[Scons-users] CacheDir race during parallel Windows builds?
Jason Kenny
dragon512 at live.com
Mon Aug 8 09:55:57 EDT 2016
I am curious on what you find, please let us know what you discover.
I am thinking more and more the linker issue is the windows linker trying to lock the file that prevents any file handles with write permission to be open on it. That’s is just my gut feeling.
Jason
From: Scons-users [mailto:scons-users-bounces at scons.org] On Behalf Of Andrew C. Morrow
Sent: Monday, August 8, 2016 7:31 AM
To: SCons users mailing list <scons-users at scons.org>
Subject: Re: [Scons-users] CacheDir race during parallel Windows builds?
On Sun, Aug 7, 2016 at 6:35 PM, Jason Kenny <dragon512 at live.com <mailto:dragon512 at live.com> > wrote:
Hi,
So let me go over what we know:
1) no cache and serial build -> worked
2) no cache and -j build -> Worked
3) cache and serial build -> Worked
4) cache and -j build -> Fail constantly
Correct, with two caveats:
1) I've never actually attempted case 1, on any platform. I can, if you think it would provide any value, but I'm nearly certain that it works every time.
2) These are the results on Windows; we have so far never observed the case 4 errors on Linux, OS X, or Solaris.
>From this it would seems to be having the cache on and a parallel build. My guess is that a thread was doing something with the file and the main thread was doing something else to have this happen.
Then I did a simple test.
Basically I opened an object file I just built manually in different python interactive shell I opened it only as “r” and left it open.

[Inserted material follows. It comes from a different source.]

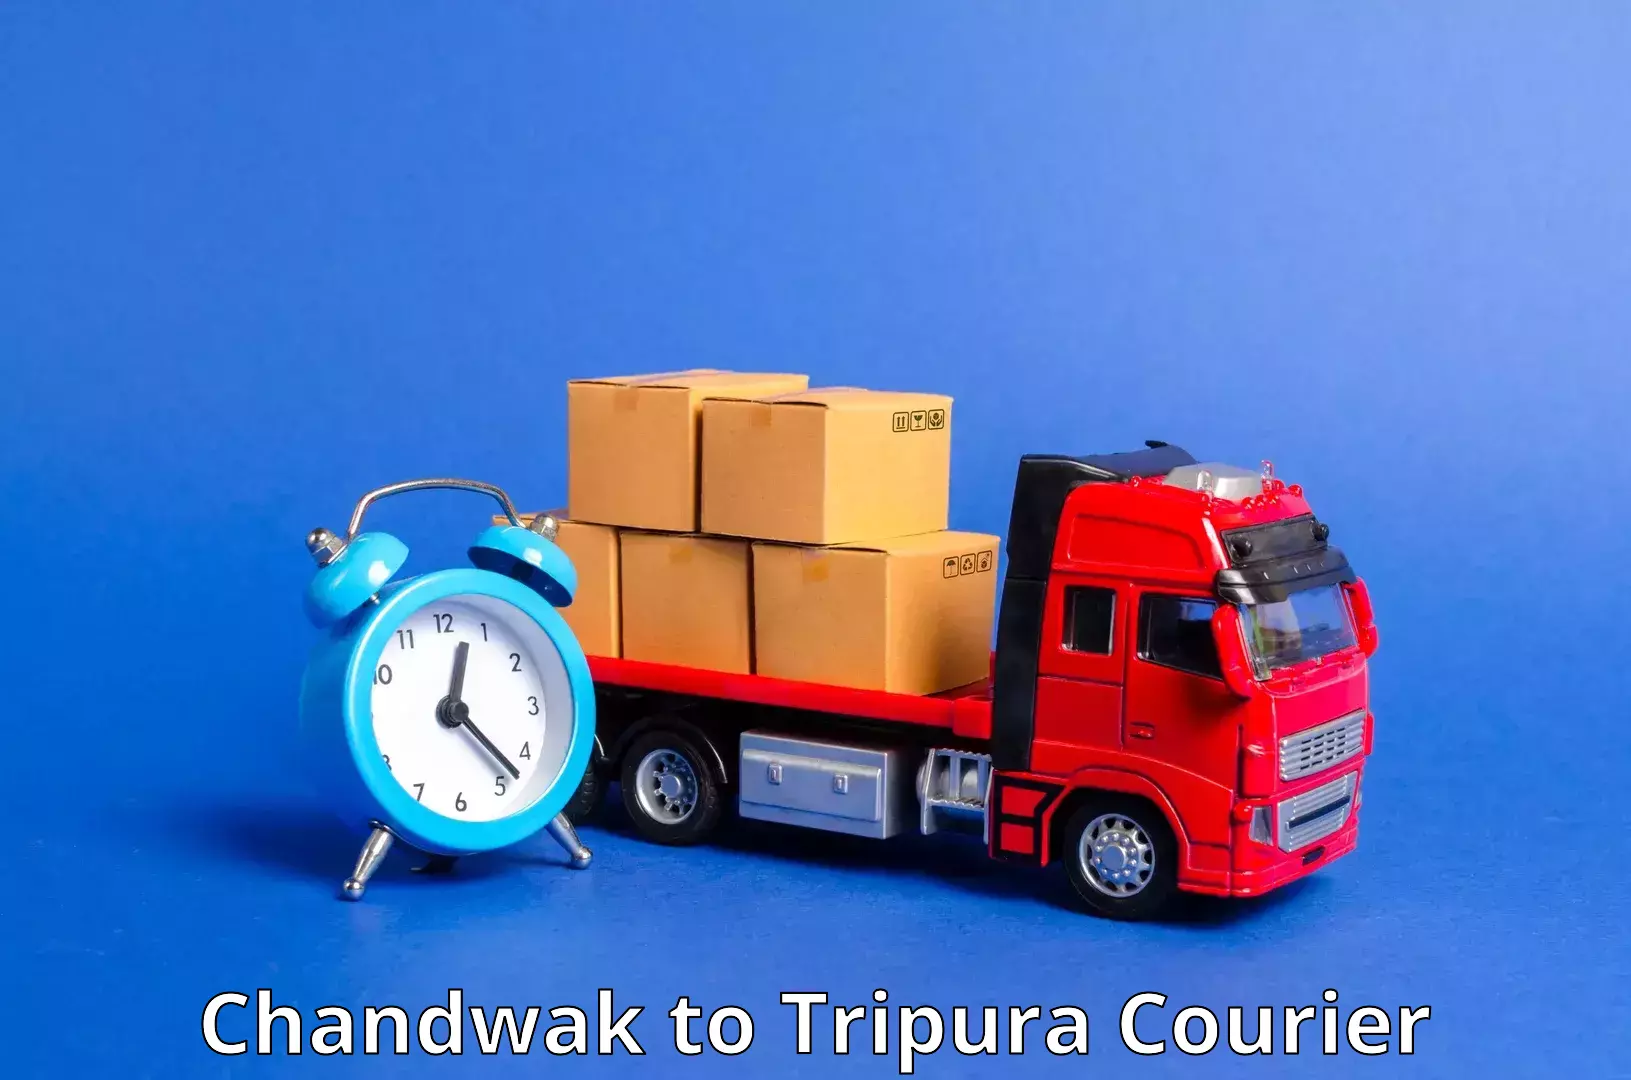 Quality courier services Chandwak to Udaipur Tripura

I could link the program in a different shell.
If it opened the file with “a” or “r+” ( anything with implied write), the program would not link with a “LINK : fatal error LNK1104: cannot open file 'hello.obj'”.
I am guessing that the linker has some “exclusive” read mode set that fails is the object file is opened with a write mode. If I try to do this on Linux it looks like it works fine even is python has an open handle Write handle open. Also if I do this with different processes on windows it seem to be fine as well. I think the linker is locking the file while it does some work to prevent it from changing while it is busy making the PE format of the finial output.
Based on this I would suggest we have a race in SCons with cacheDir set in which python has a write mode handle open on the object file that was not closed yet. I did this test on Windows 10 with VS 2015 ( I tested linux on the bash shell feature on windows 10 and doubled checked on Ubuntu in a VM). The race I would assume to be something with the actions running a link command while the main thread is doing something with that file. Or there is something else touching that file.
I don’t know enough of the pathways with cacheDir at the moment to say want would be going on.
Nor do I. I'm going to enlist the help of one of our local Windows experts to see if he can help with tooling that will show us exactly what the conflict is. I'll report back any findings.
I don’t think Parts File tweaks would help much with solving this problem at the moment. Given 4) is the only time this happen, this seems to be a SCons issue.
I agree that it appears to be, but until we have a root cause it is of course not possible to be sure.